Input data.
---------------

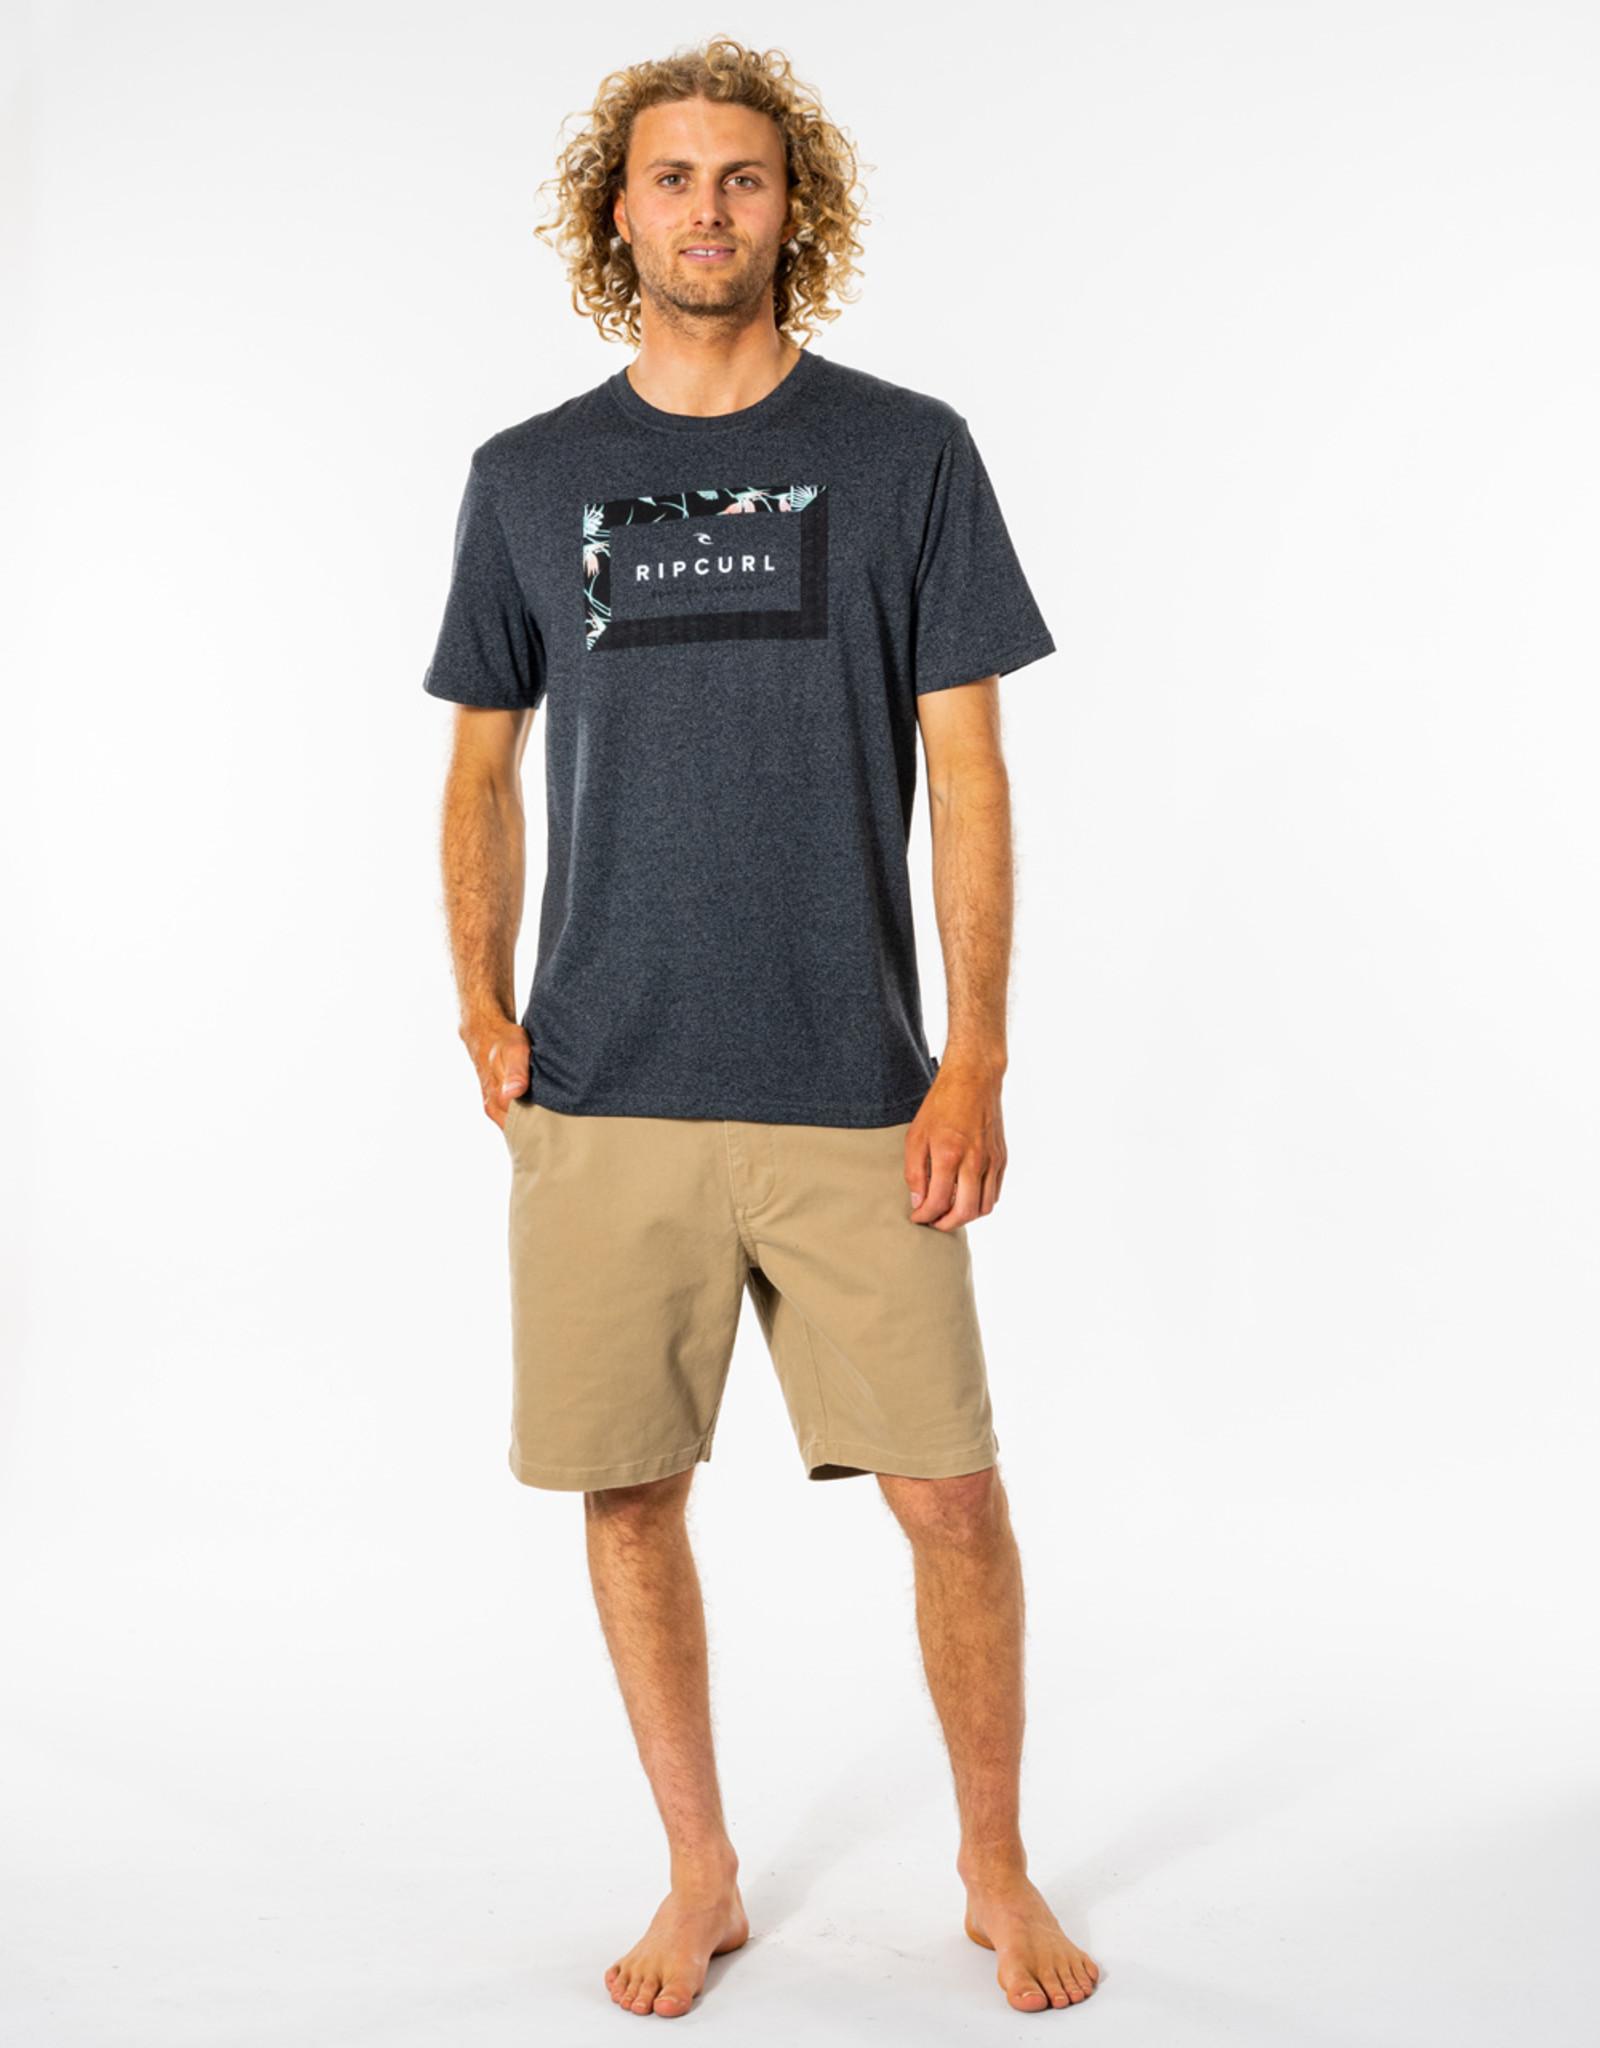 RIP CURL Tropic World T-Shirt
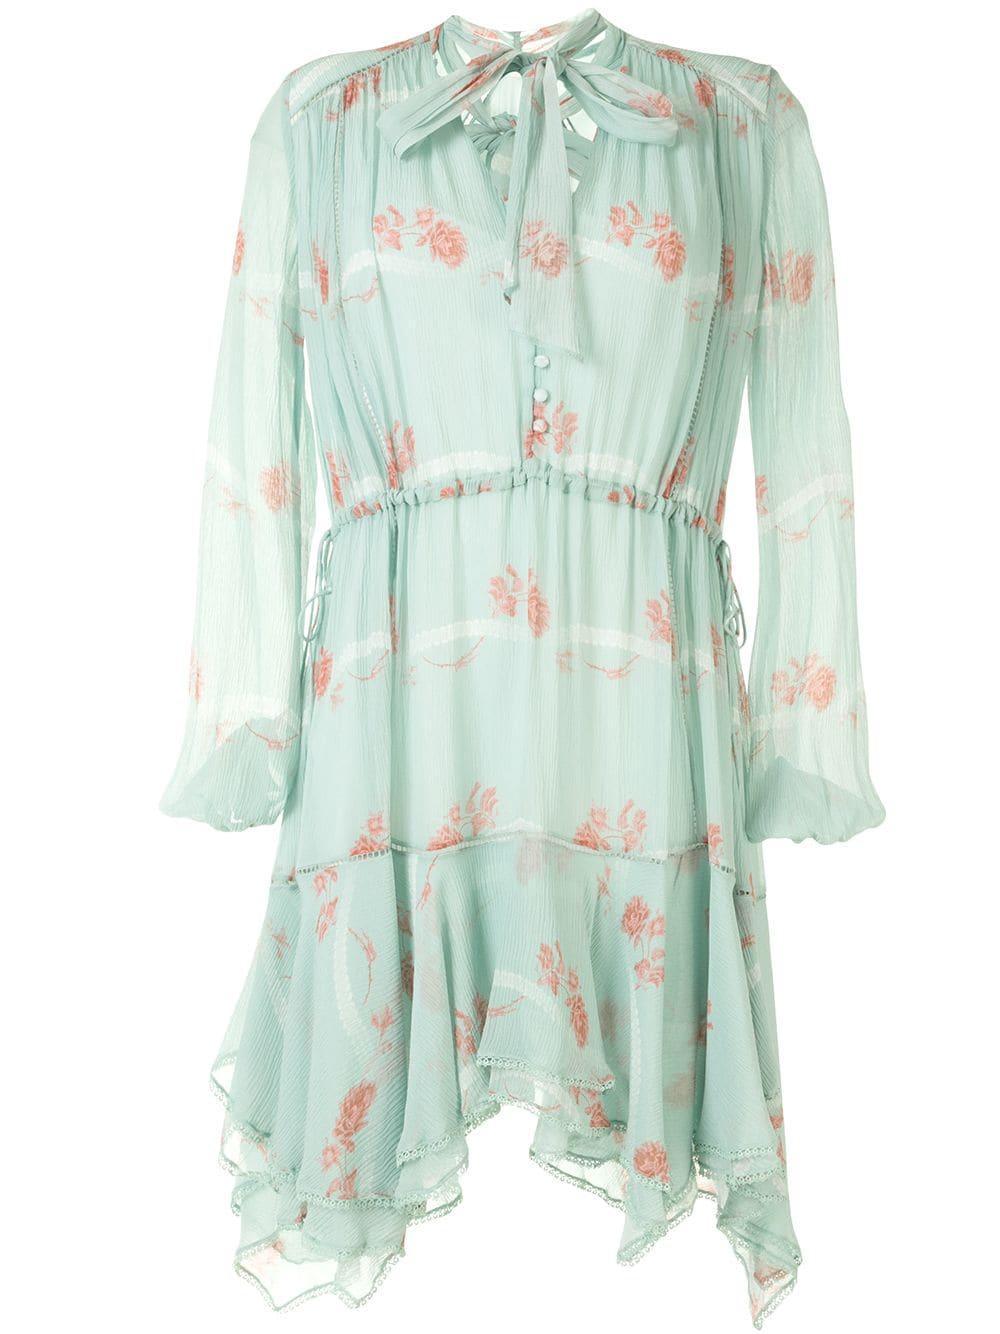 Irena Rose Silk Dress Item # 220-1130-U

---------------

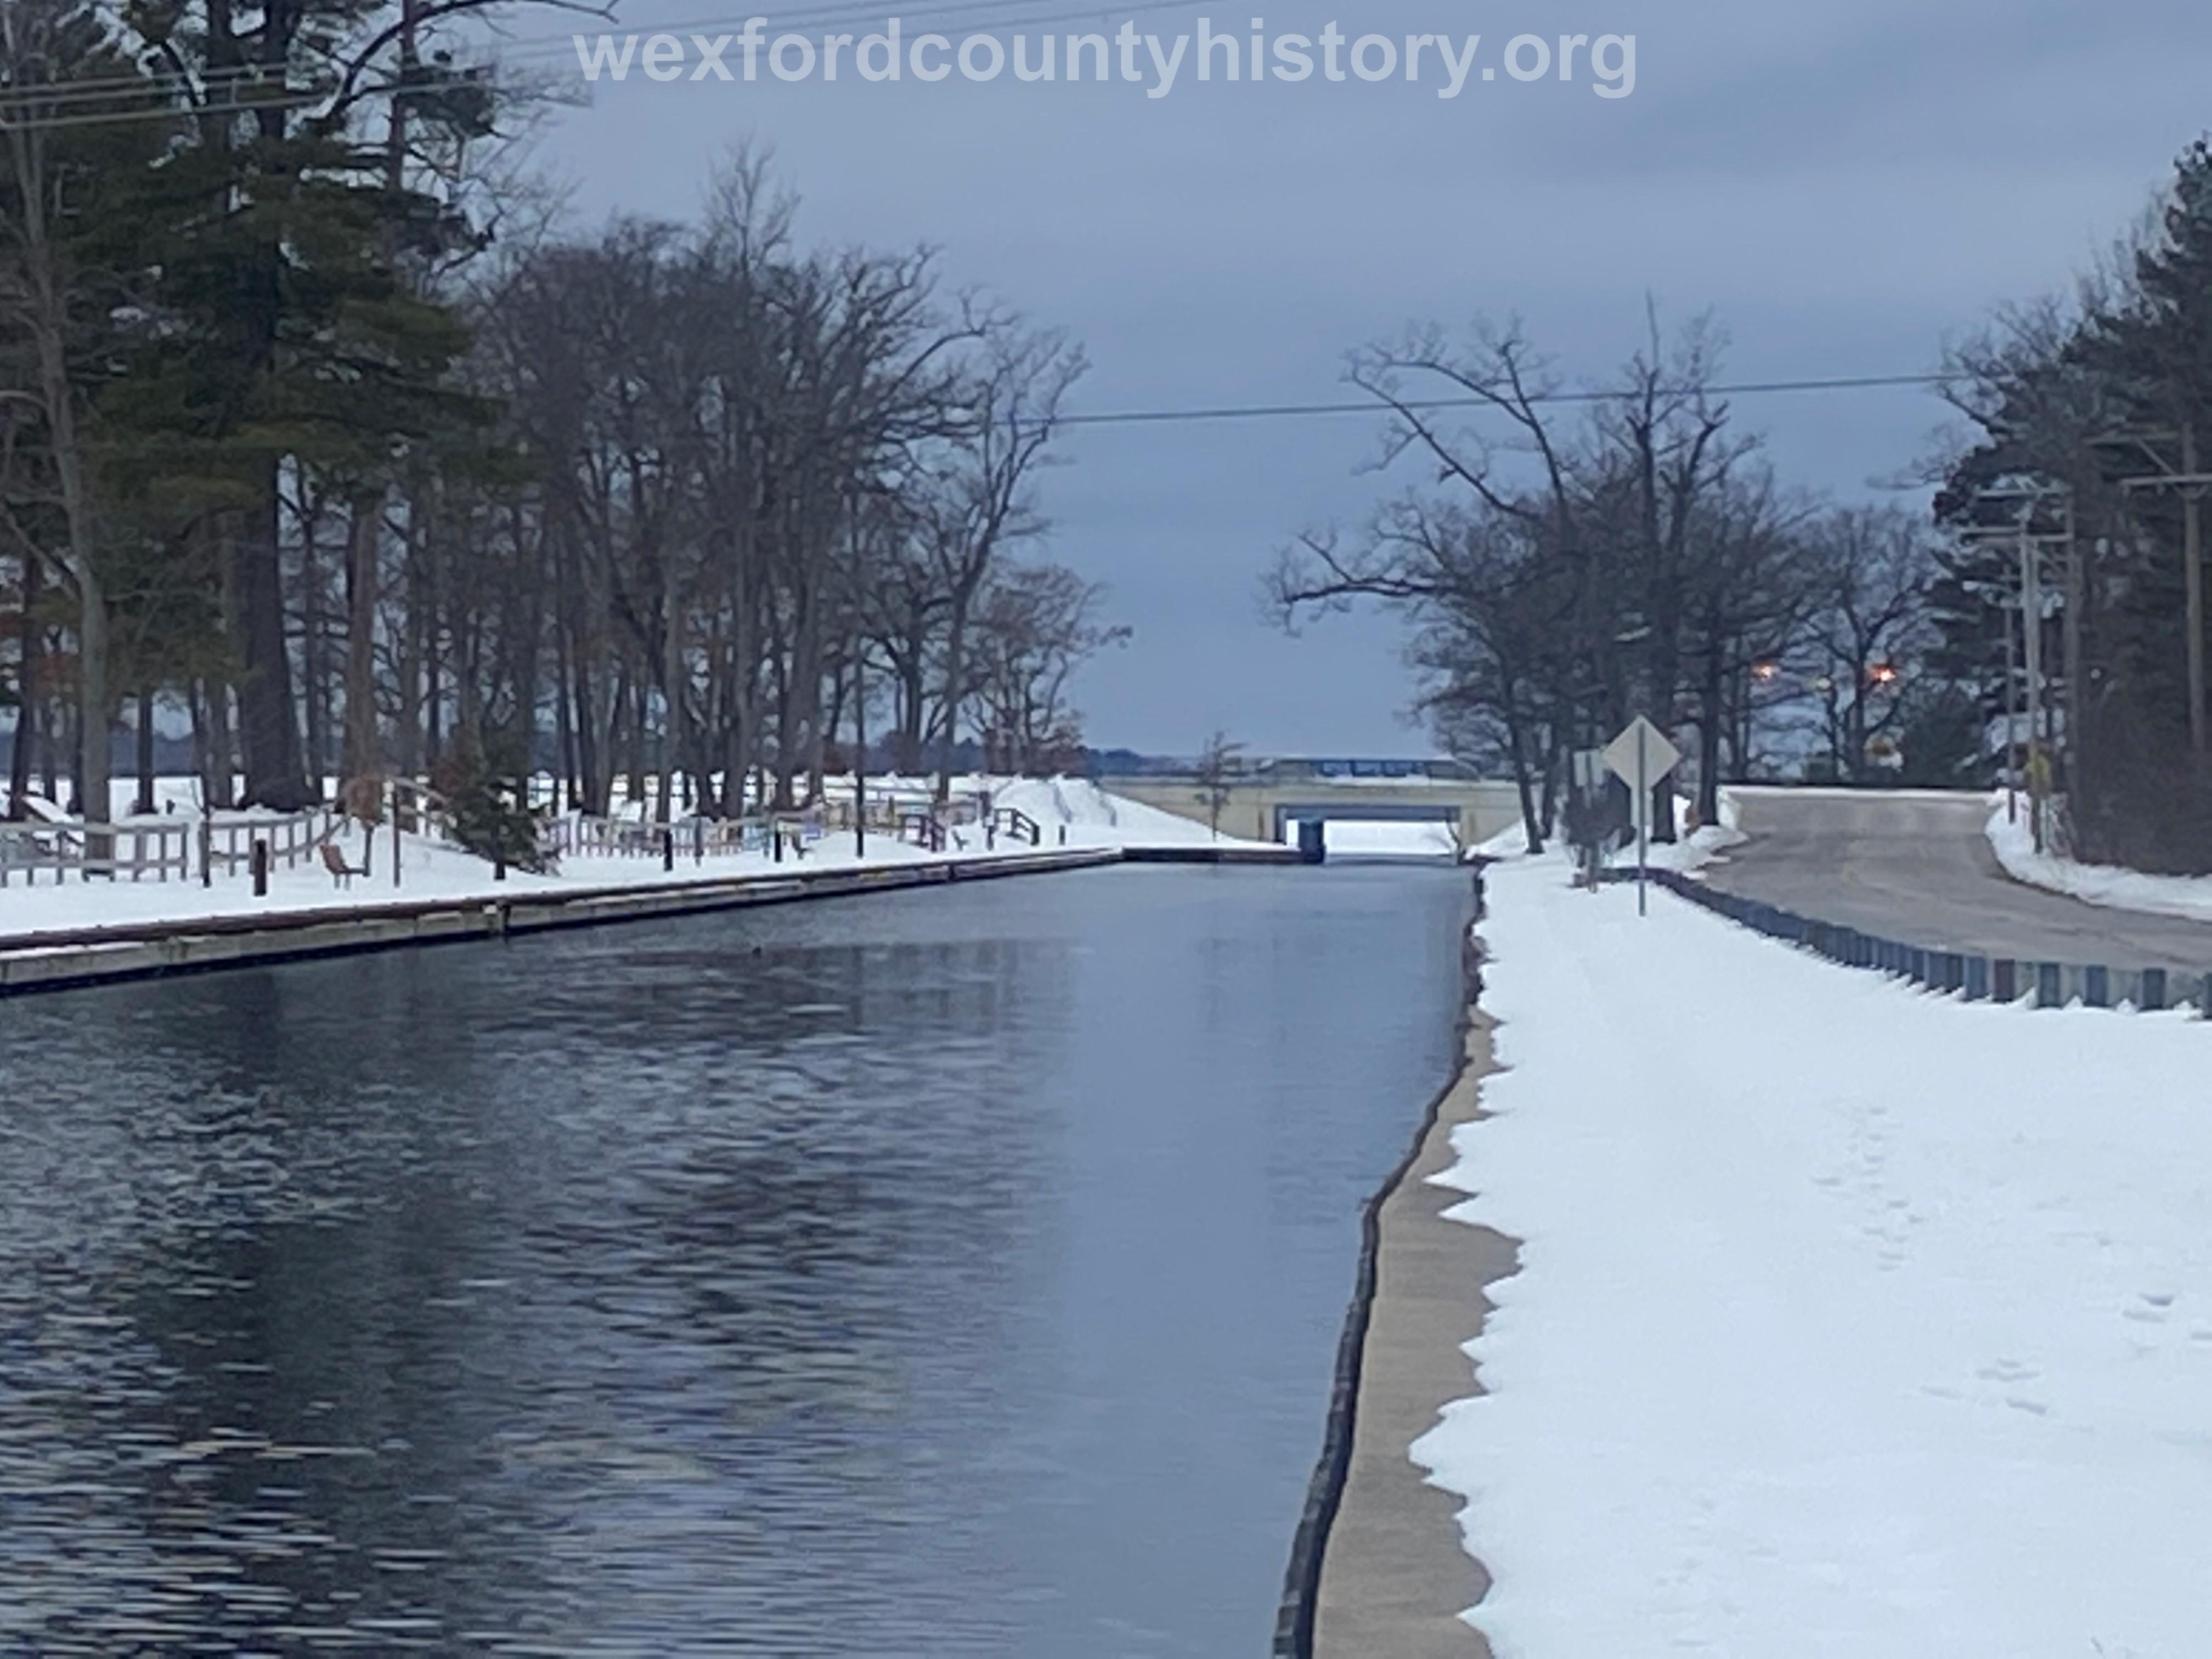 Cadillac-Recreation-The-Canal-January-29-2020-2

---------------

Directions for this task.
Starting from the line with "RIP CURL Tropic World T-Shirt" in the records above, repeat each line exactly until you have written the line with "Irena Rose Silk Dress Item # 220-1130-U", then stop; drop the pictures.

Answer.
 RIP CURL Tropic World T-Shirt
 Irena Rose Silk Dress Item # 220-1130-U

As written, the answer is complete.